And selecting a part from the BOOL rule as a feature set to be output, wherein the output of the BOOL rule is yes or no and can be converted into 1 or 0, so that the feature set can be converted into a feature vector consisting of 1 or 0.
In the present embodiment, the specific rules defined are as follows:
RULE-1: WORD (license) in title.
RULE-2: REGEX in header.
RULE-3:NOT_IN(RULE-2,RULE-1)。
RULE-4:EXIST-SPAN(RULE-1)。
RULE-5:EXIST-SPAN(RULE-3)。
RULE-6:NOT(RULE-5)。
RULE-7:AND(RULE-4,RULE-6)。
The feature set is RULE-7.
The rule of this embodiment can be used to determine whether the target digital file is license, and the output result is { true } only when the header contains and only contains four words of "license", otherwise, the output result is { false }.

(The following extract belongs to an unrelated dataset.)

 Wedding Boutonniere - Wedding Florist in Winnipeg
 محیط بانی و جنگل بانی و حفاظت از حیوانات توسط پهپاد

S8, the classification module converts the feature set into a feature vector as input, { true } into [1], { false } into [0], and outputs the type < license >.
Before using the classification module, the model in the module needs to be trained
The invention relates to a device and a method for intelligently classifying digital files, which are characterized in that an OCR technology is introduced to support the classification of file photos or scanned parts, after a file title is provided by using a title extraction method, high-order features formed by target keywords, named entity features and features can be extracted from the title or the whole text by matching with a feature extraction module based on a rule engine, so that the method can help to extract the high-weight features through human understanding of files, is competent for a digital file classification task under the condition of insufficient data samples, and can achieve higher precision.
The above description is only for the purpose of illustrating the preferred embodiments of the present invention and is not to be construed as limiting the invention, and any modifications, equivalents and improvements made within the spirit and principle of the present invention are intended to be included within the scope of the present invention.
Claims (6)
1. The utility model provides a digit archives intelligent classification's device which characterized in that: the method comprises the following steps:
the data conversion module is used for converting the target digital file into a picture;
an OCR recognition module for recognizing text content, position and character size in the picture; the OCR recognition result is a character block, one character block comprises one or more characters and has the properties of width and height, and the properties of abscissa and ordinate of the center point of the character block;
the OCR post-processing module is used for optimizing the character contents in the character blocks, sequencing the optimized character contents and combining the adjacent character blocks identified in each line; the merging principle is as follows: if the sizes of the characters of the two adjacent character blocks are consistent, the two adjacent character blocks can be merged, otherwise, the two adjacent character blocks cannot be merged;
the title extraction module is used for calculating and extracting a title according to the combined character blocks;
the full text extraction module is used for obtaining full text contents of the target digital file according to the combined character blocks;
the characteristic extraction module is used for extracting a characteristic set of the target digital file; inputting parameters including the storage file name, the title and the full text content of the target digital archive;
and the classification module is used for converting the extracted feature set into a feature vector as input and outputting a classification result.
2. The apparatus for intelligently classifying digital files according to claim 1, wherein: and optimizing the text content in the text block, including repairing common recognition errors and deleting blank spaces in the text block.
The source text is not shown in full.